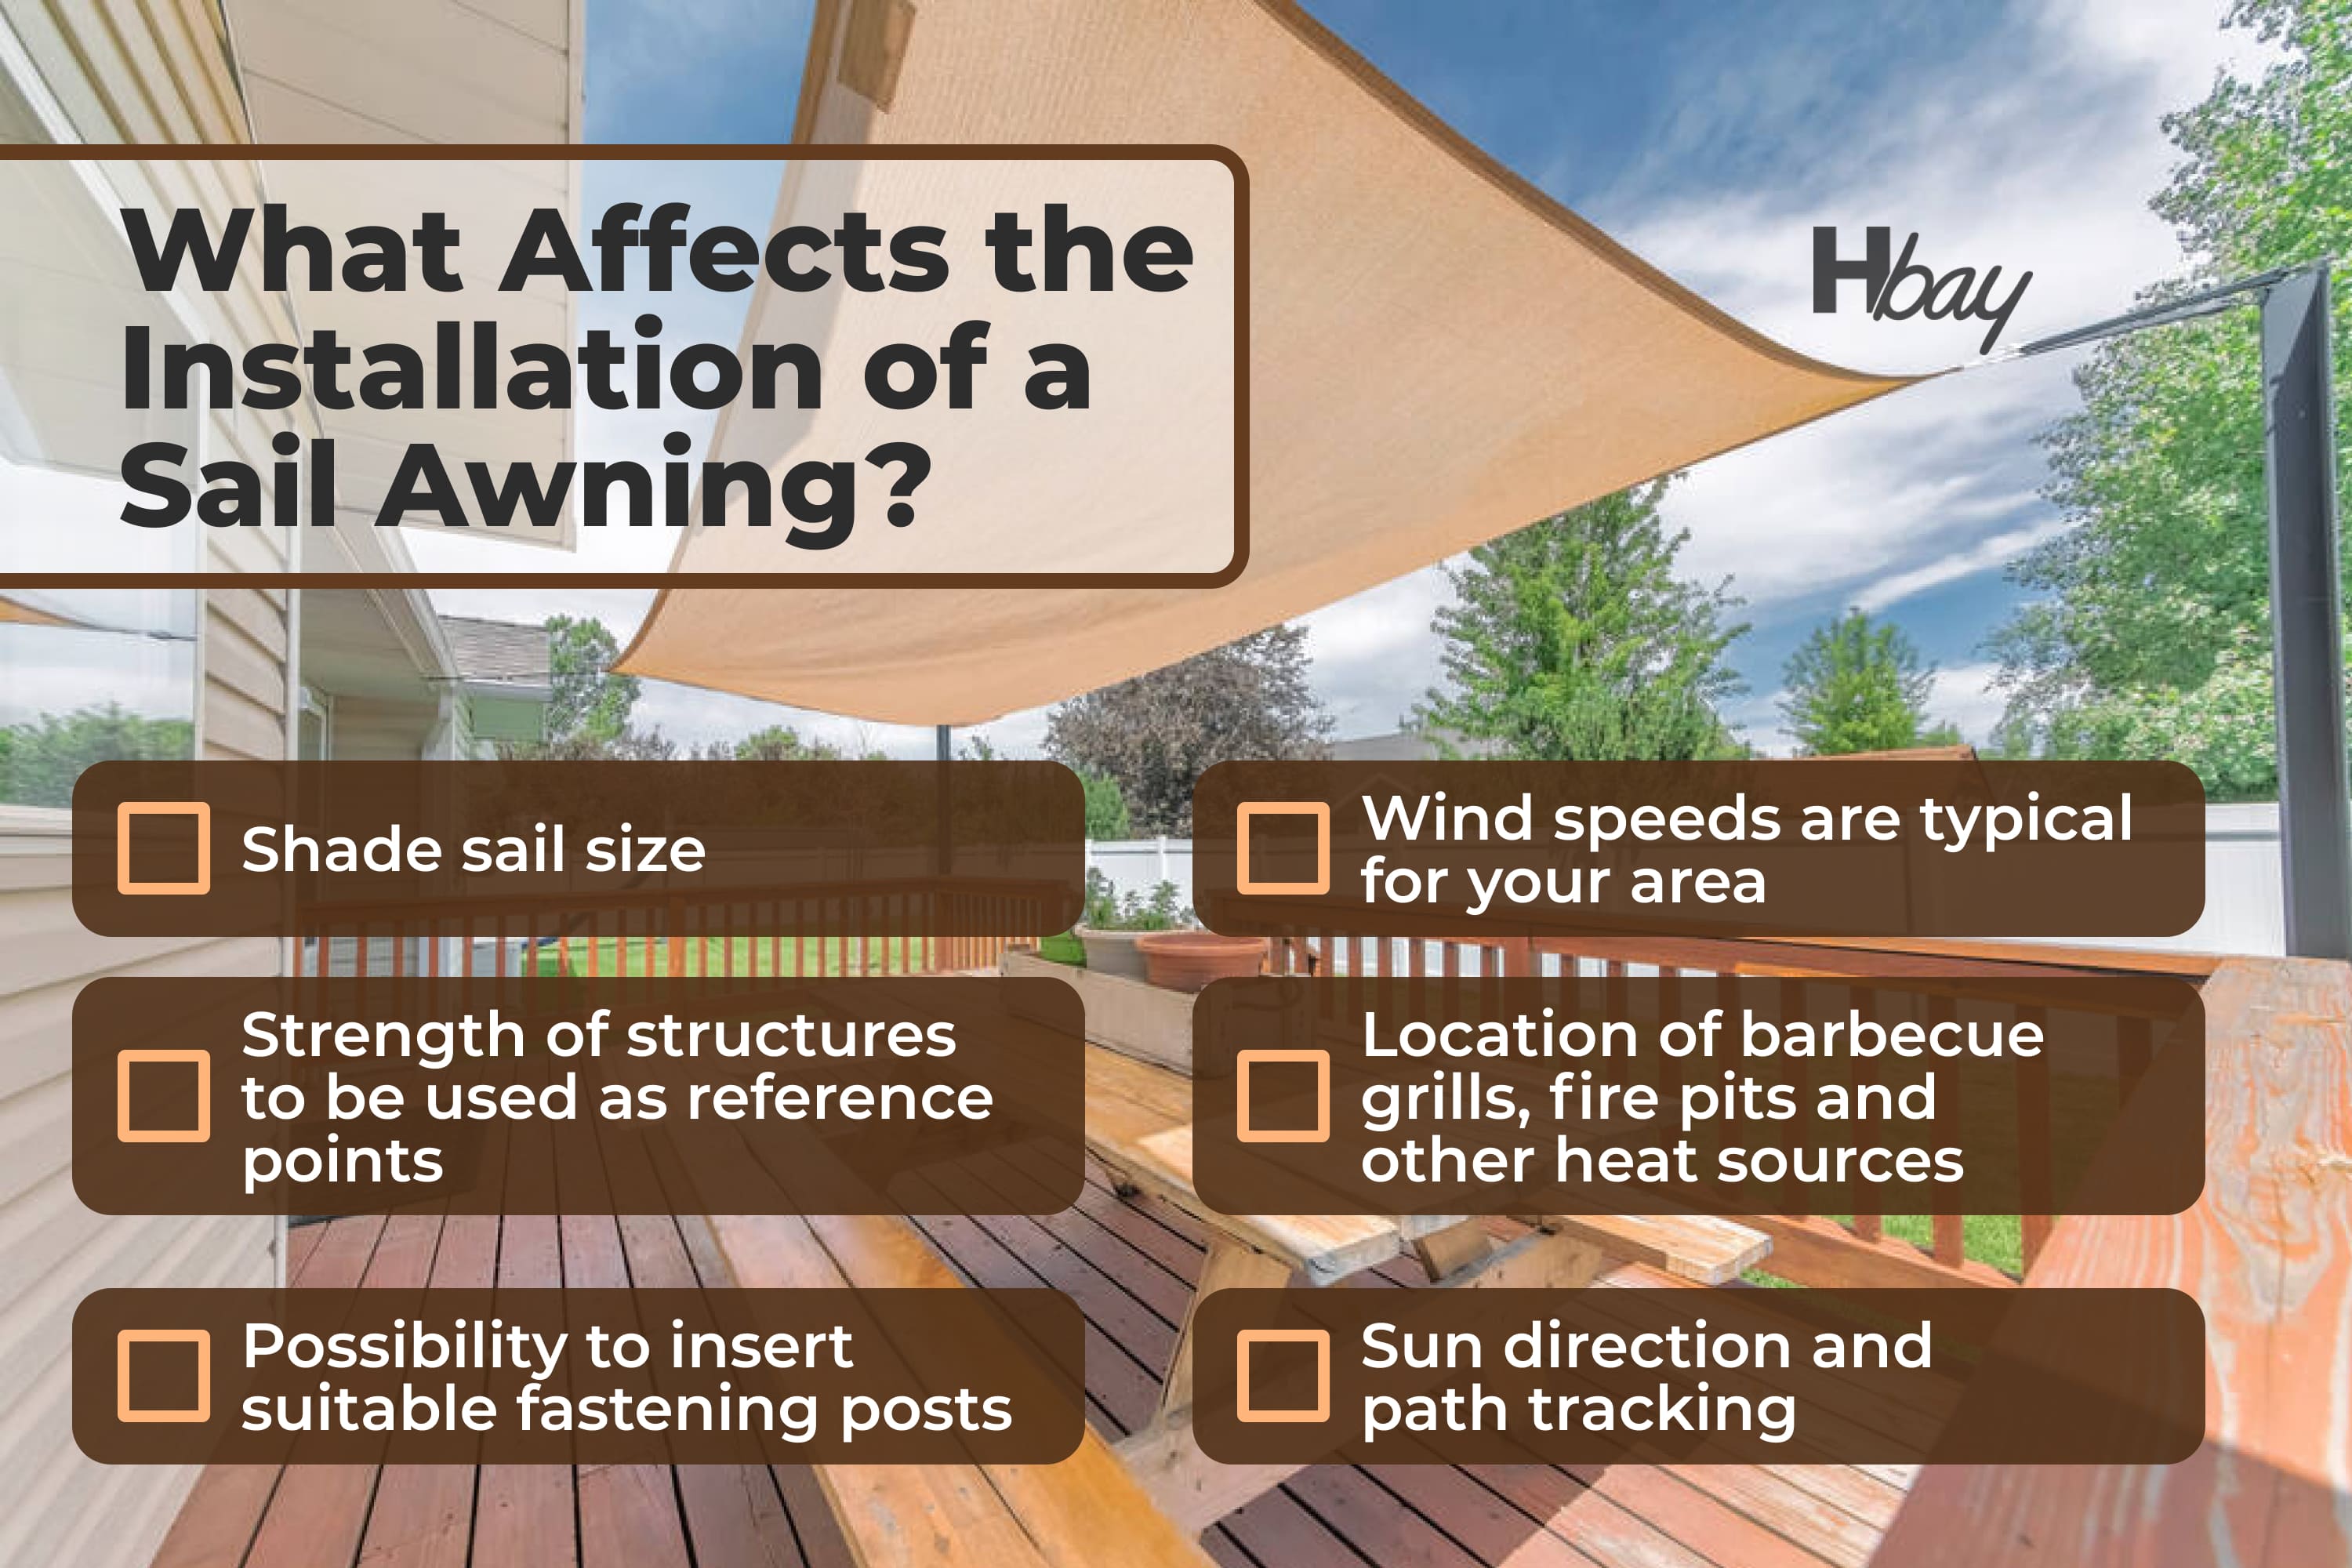 What affects the installation of a sail awning
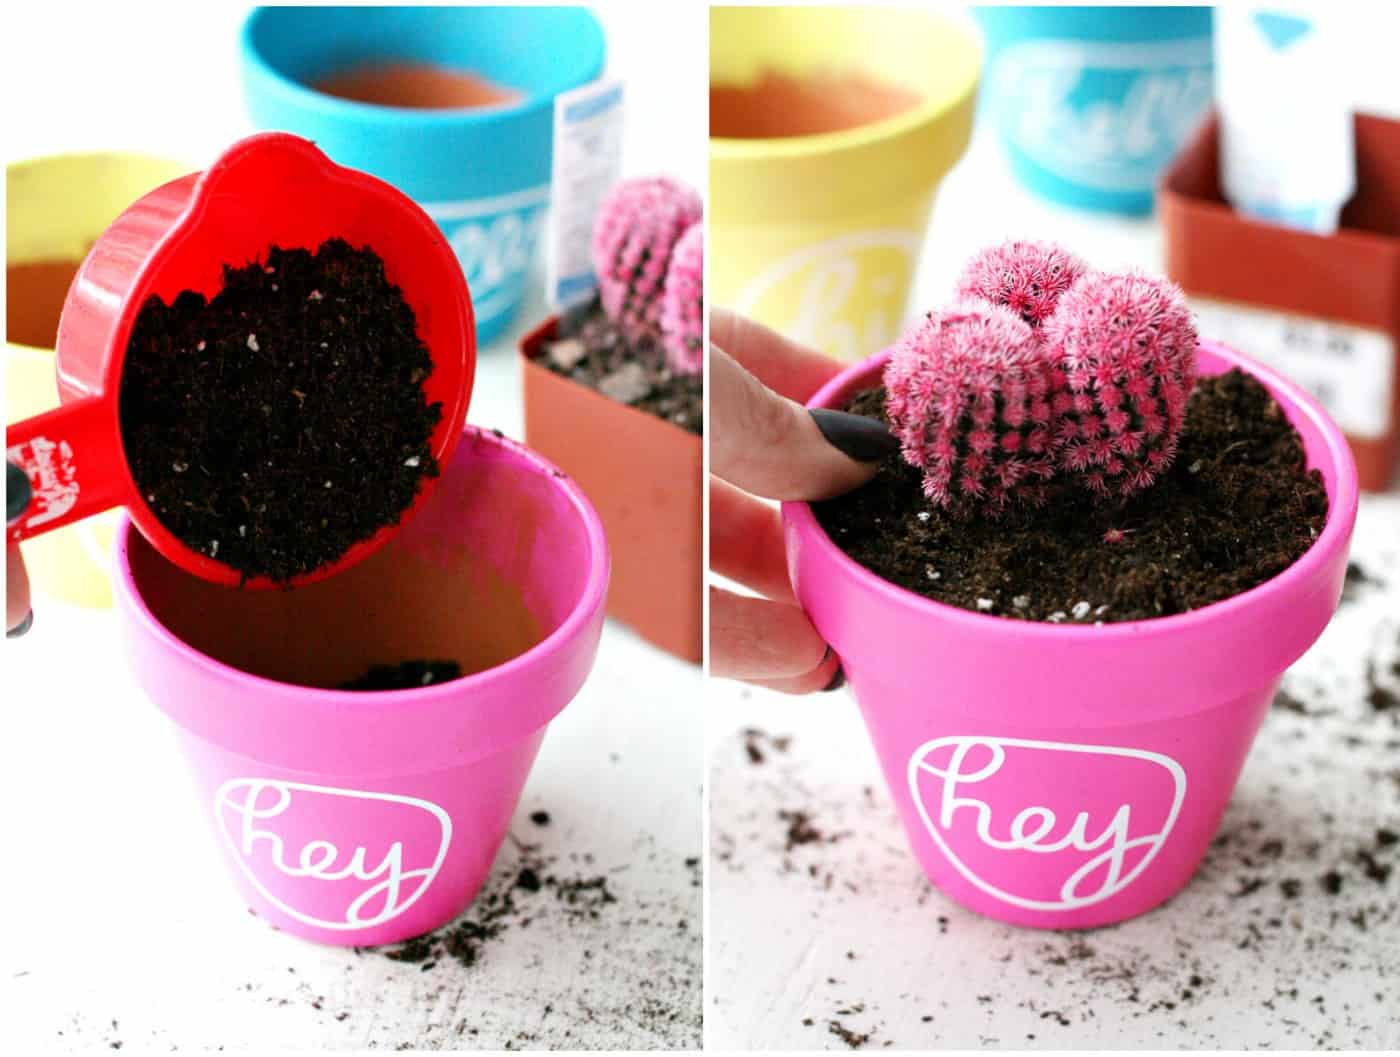 Planting the pink cactus in the pink pot
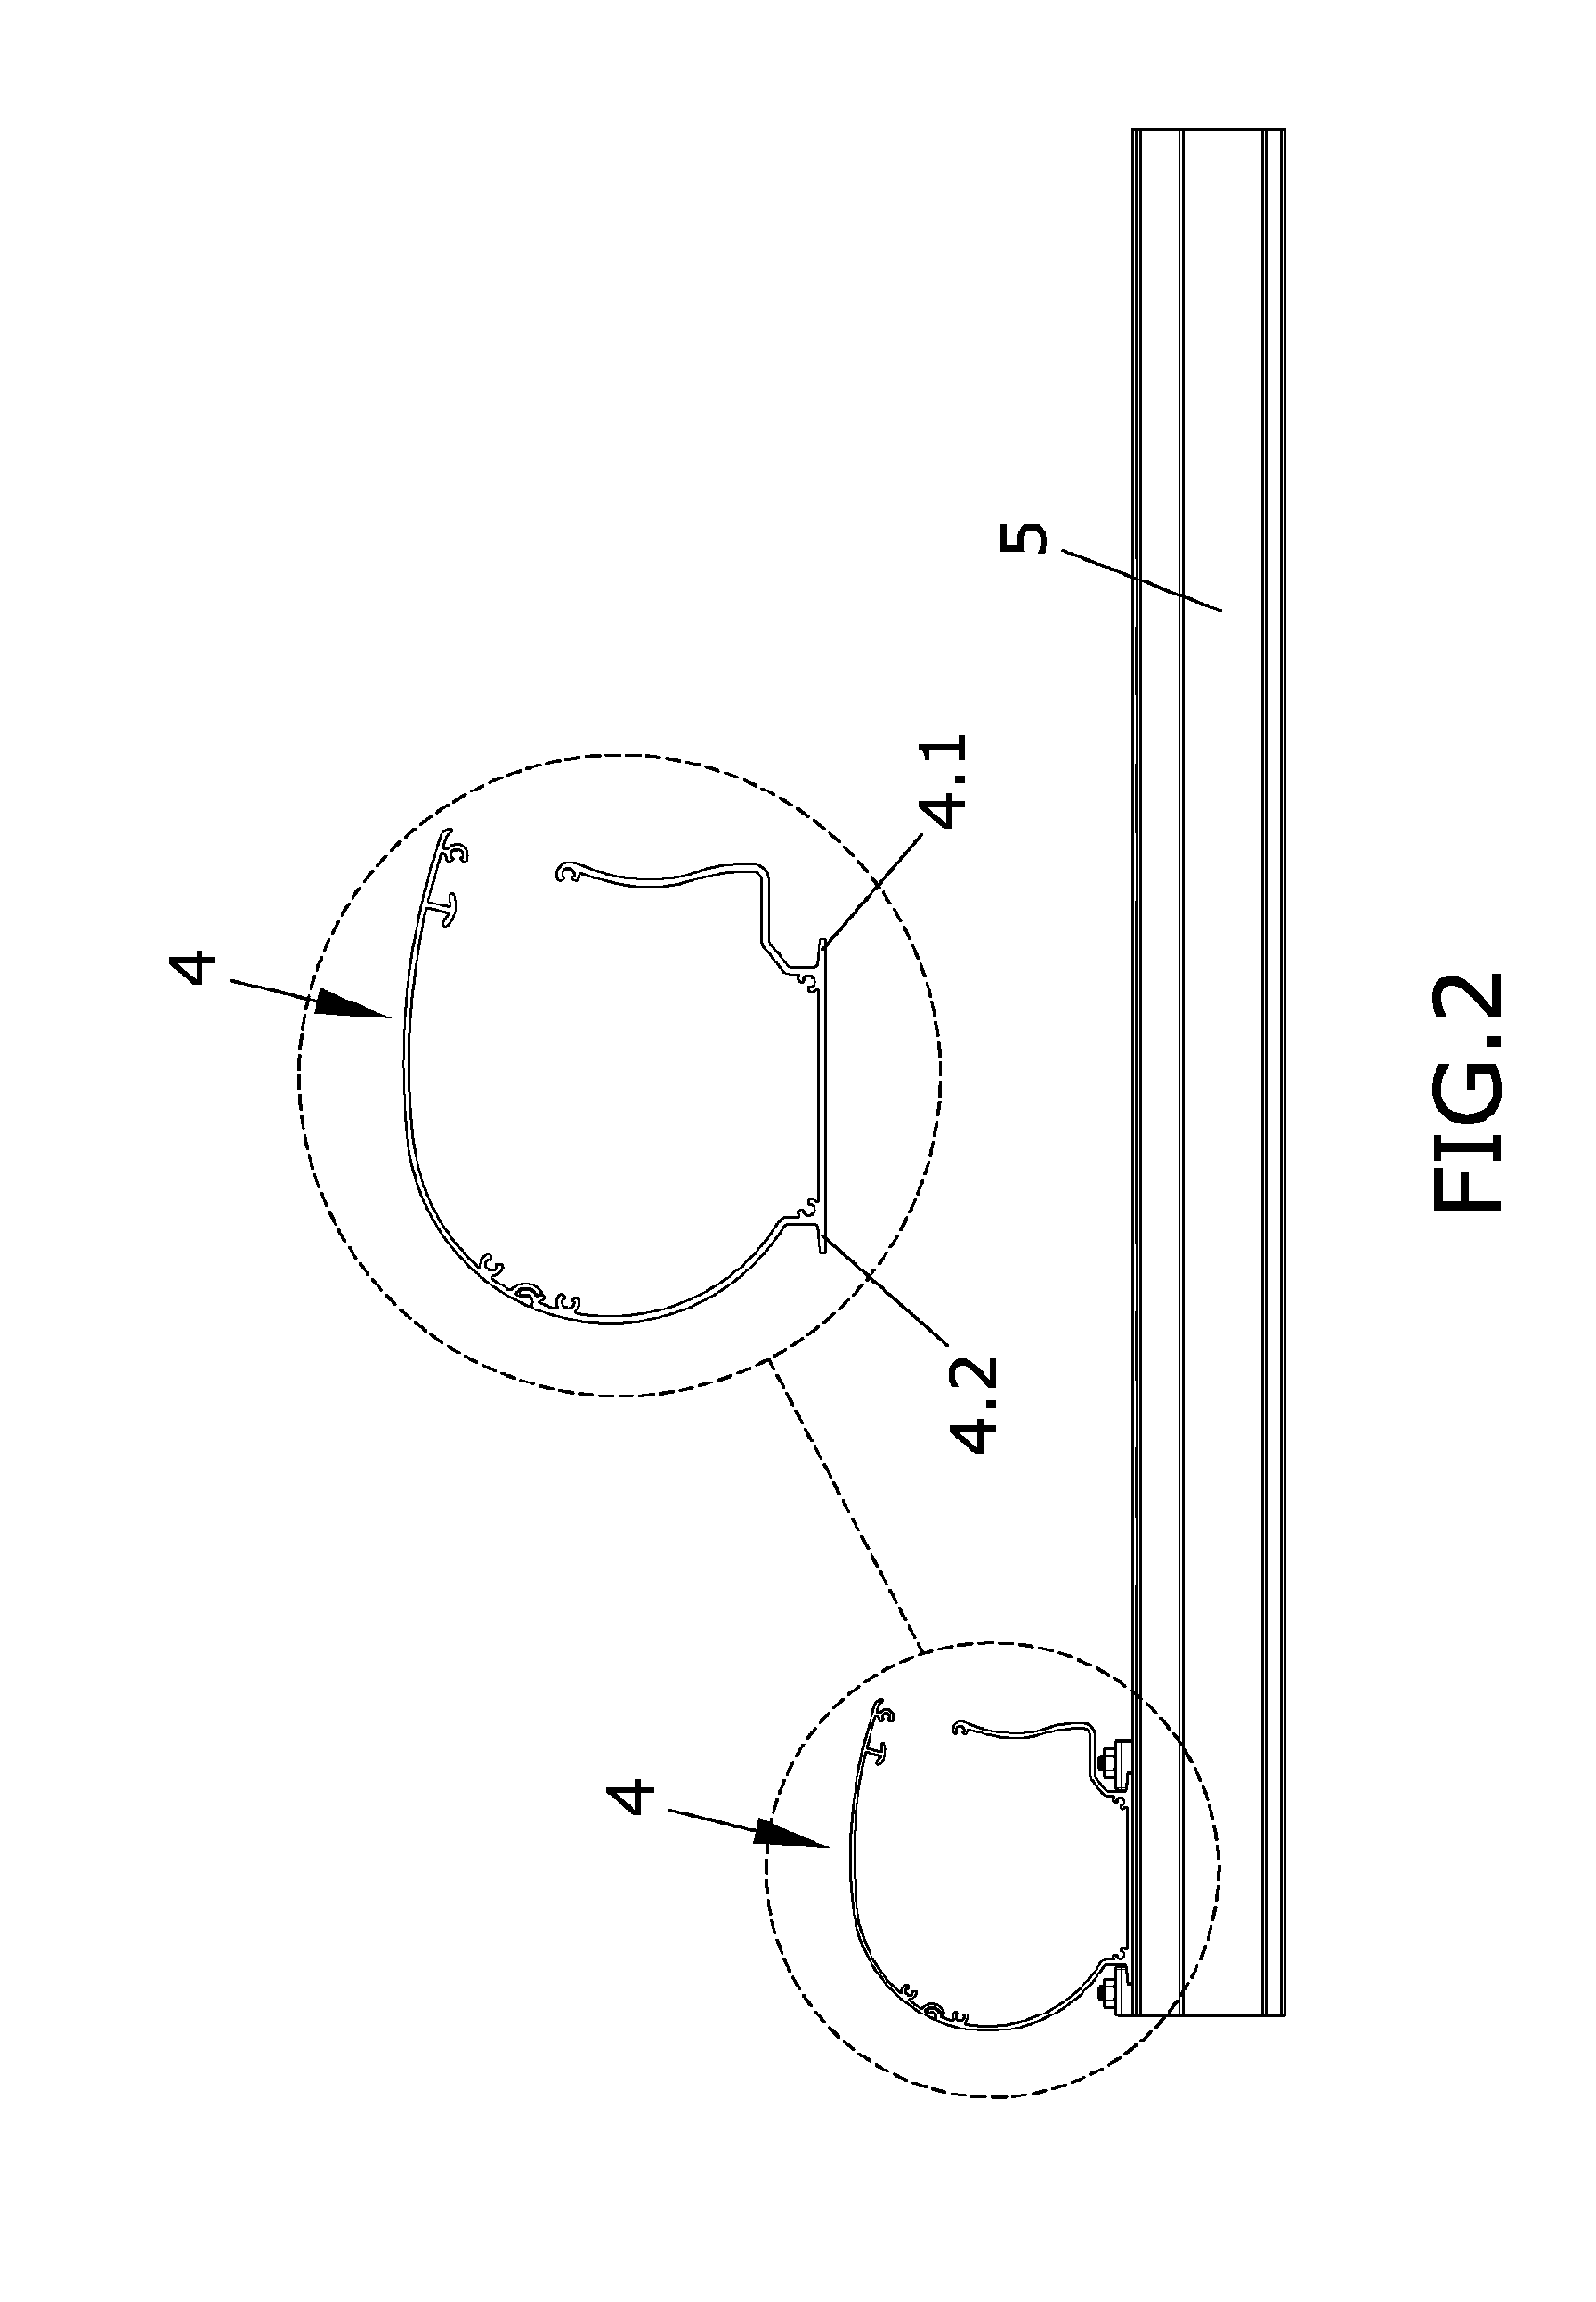 Shading device and method for installing the casing of said shading device

=-=-=

YOUR OBJECTIVE: What should appear is an exact reproduction of the lines from the one with "Planting the pink cactus in the pink pot" through the end of the material above, and no pictures.

EXERCISE OUTPUT:
 Planting the pink cactus in the pink pot
 Shading device and method for installing the casing of said shading device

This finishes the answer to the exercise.